■ **WORK TASK**
Pictures stay out of the copy. Retype exactly the lines below from the one with "Dubarry Sligo - Black/Brown-5" through the one with "The orange daylily".

■ **EXERCISE MATERIALS**
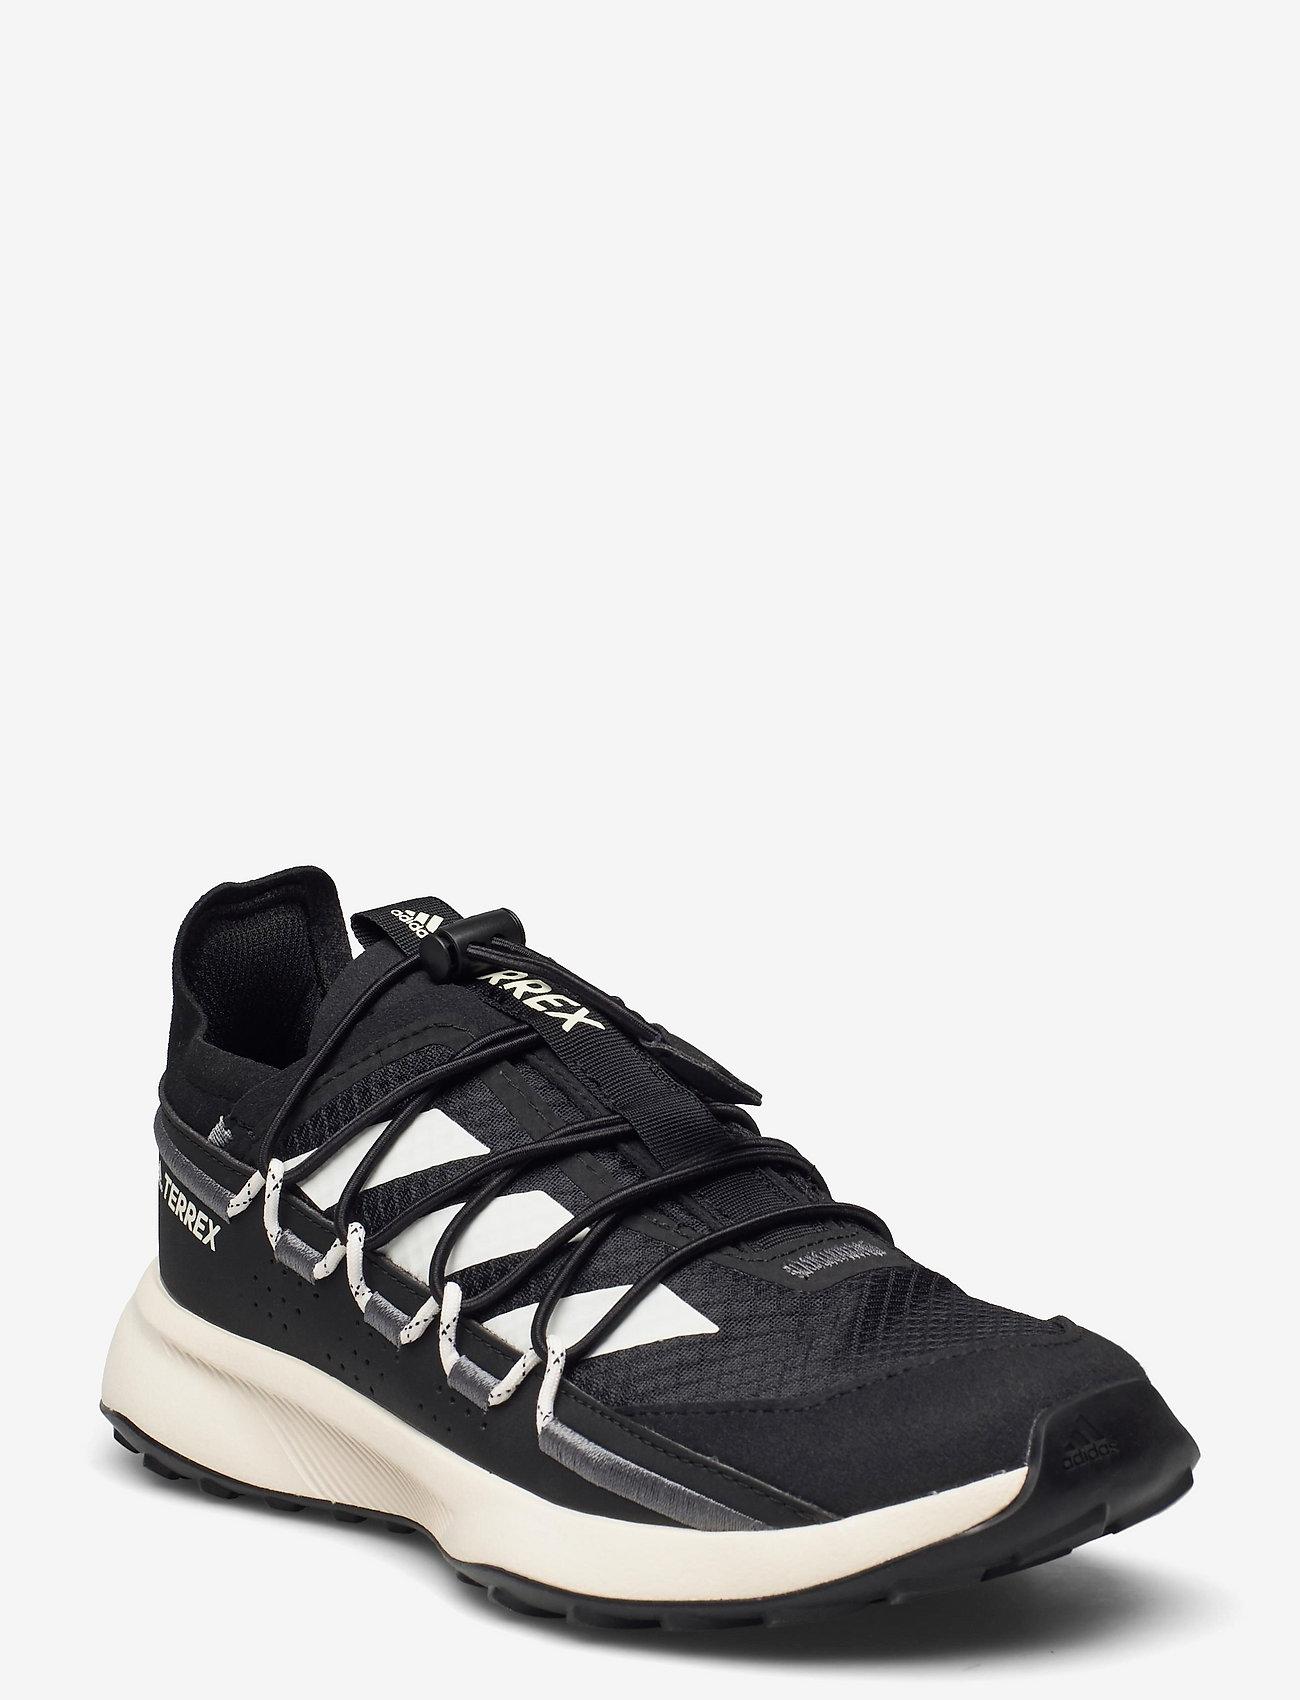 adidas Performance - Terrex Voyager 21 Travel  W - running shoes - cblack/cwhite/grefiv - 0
--
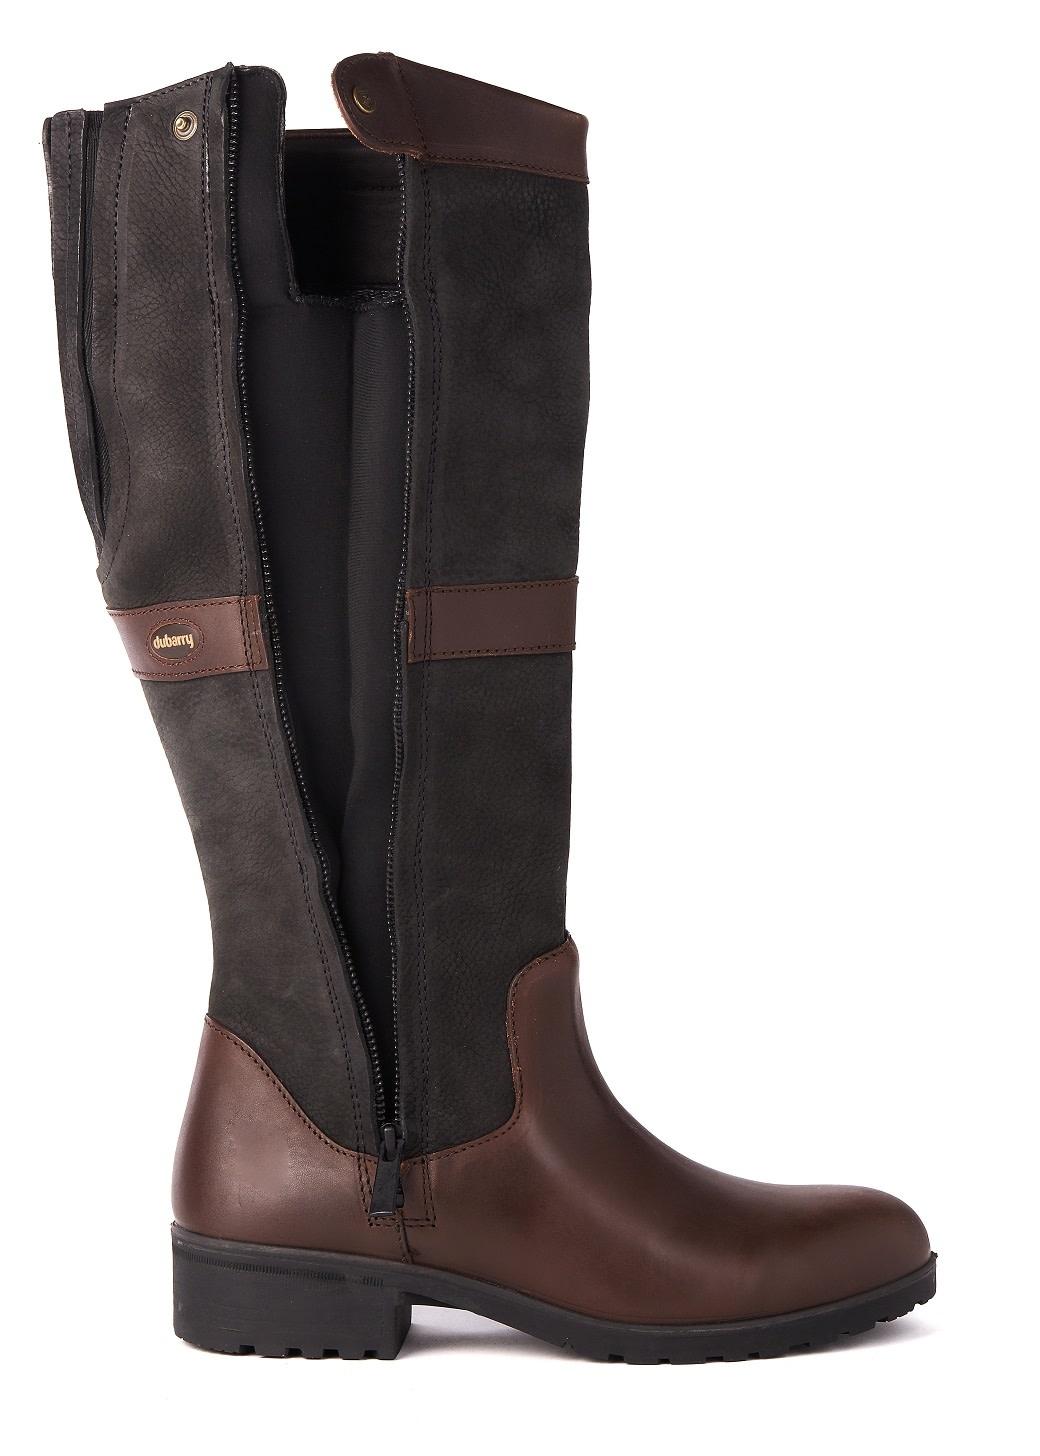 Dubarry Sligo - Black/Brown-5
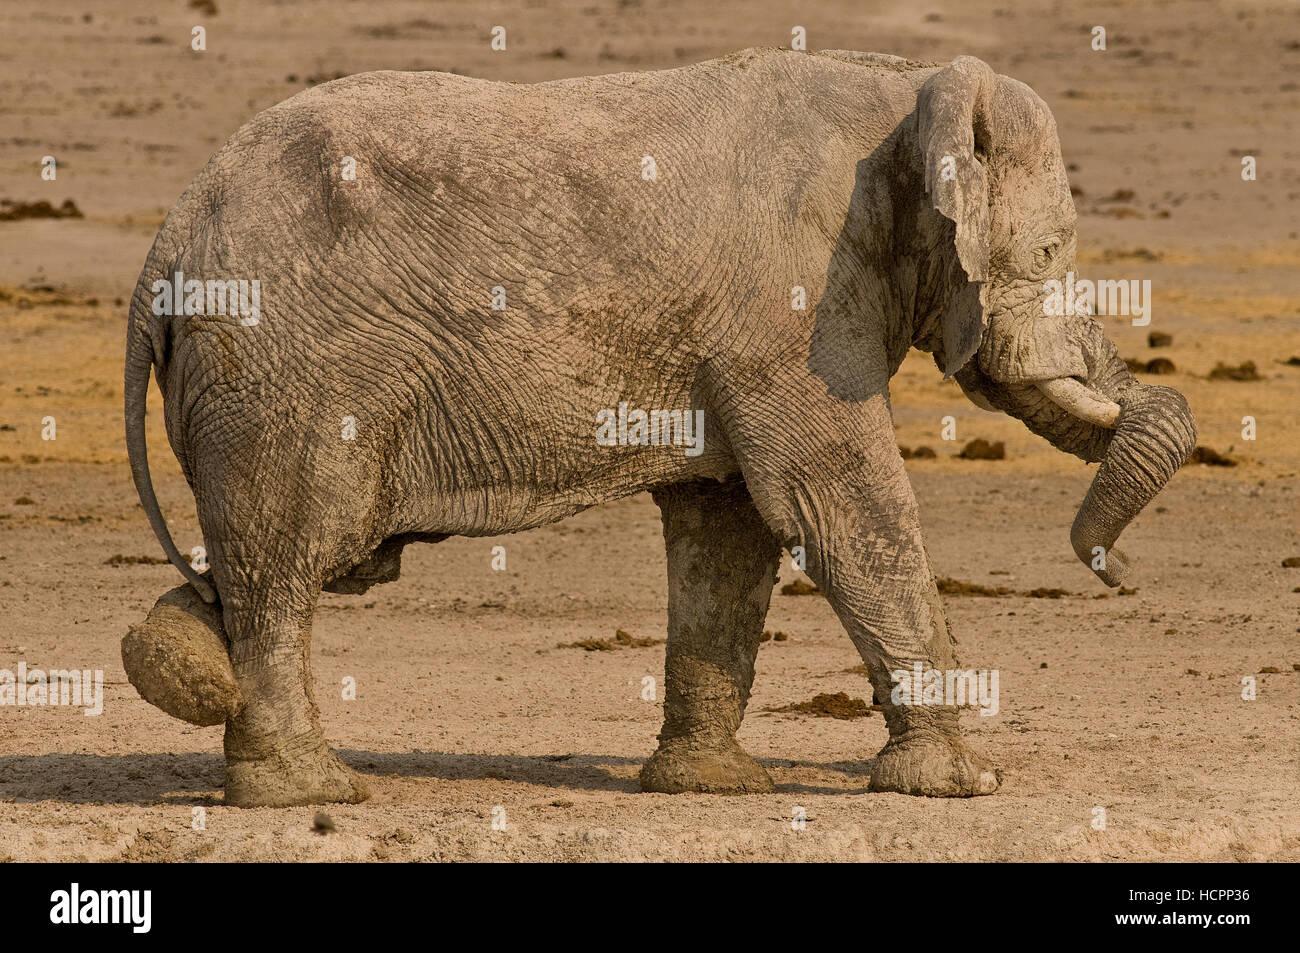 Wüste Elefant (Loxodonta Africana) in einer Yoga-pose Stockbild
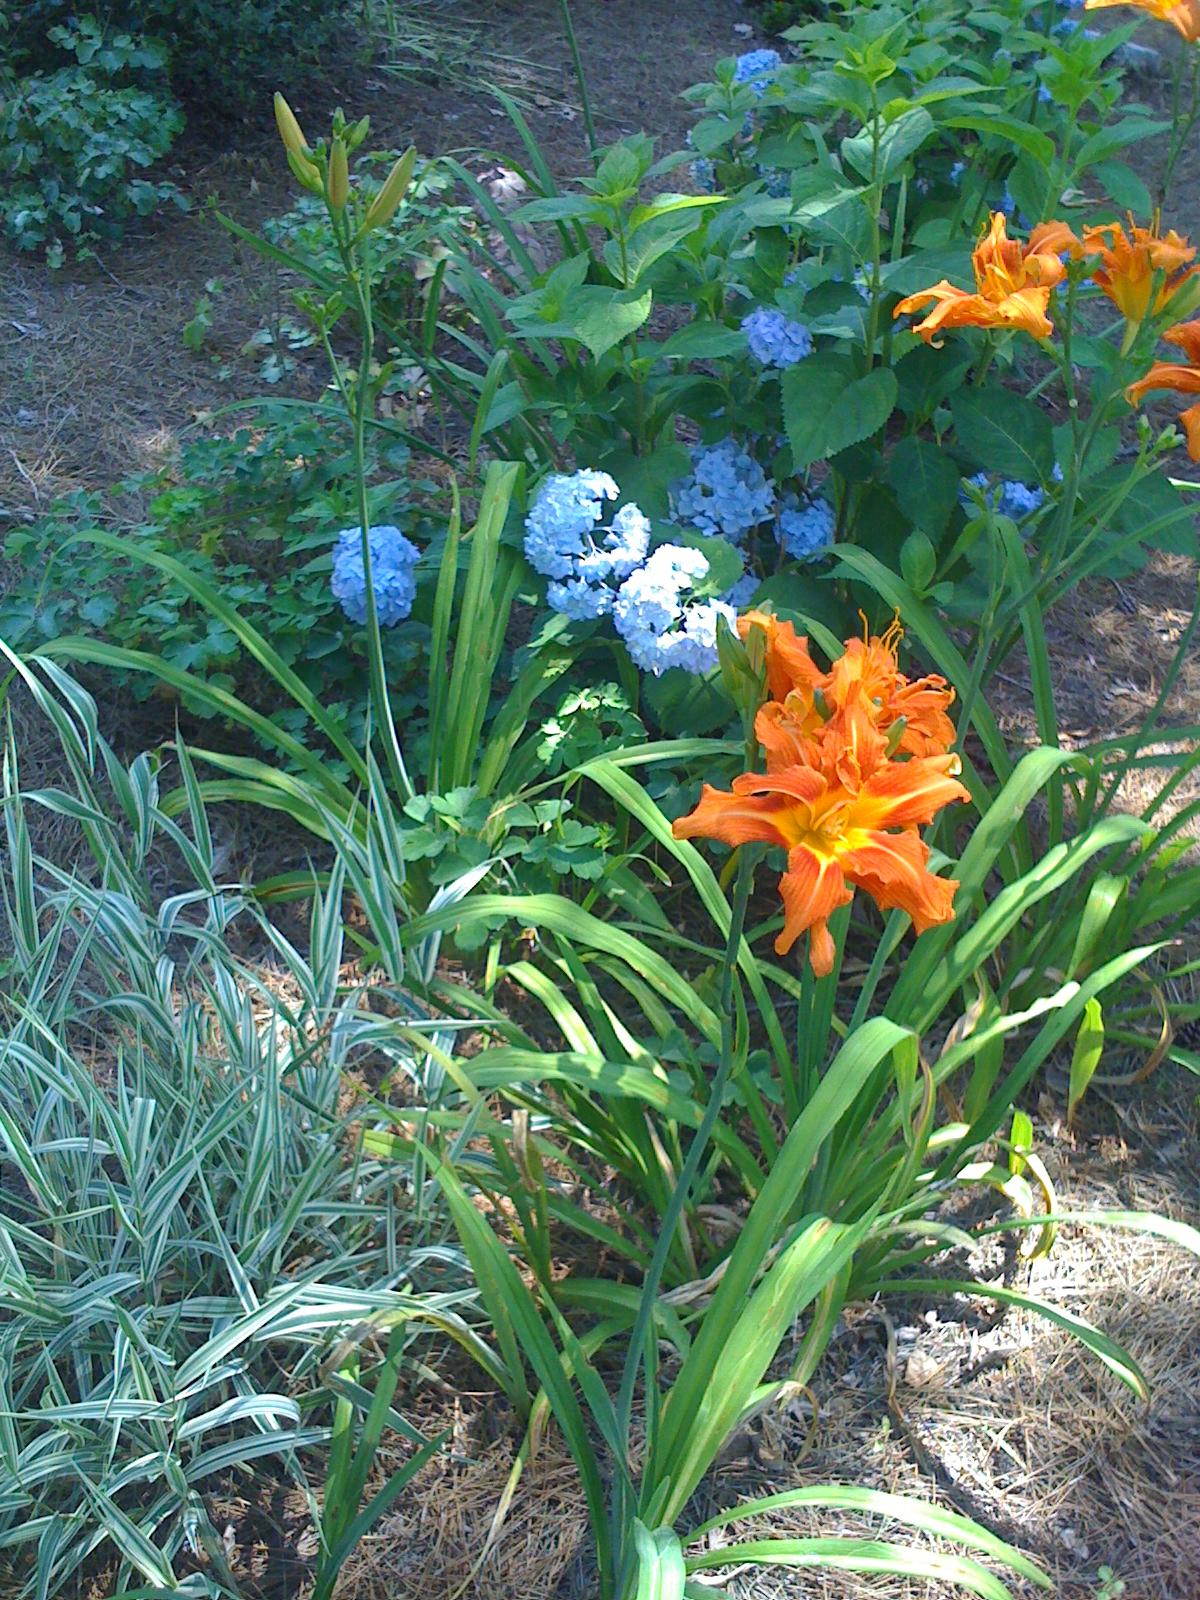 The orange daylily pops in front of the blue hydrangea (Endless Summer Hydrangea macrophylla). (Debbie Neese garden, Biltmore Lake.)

■ **EXERCISE RESULT**
 Dubarry Sligo - Black/Brown-5
 Wüste Elefant (Loxodonta Africana) in einer Yoga-pose Stockbild
 The orange daylily pops in front of the blue hydrangea (Endless Summer Hydrangea macrophylla). (Debbie Neese garden, Biltmore Lake.)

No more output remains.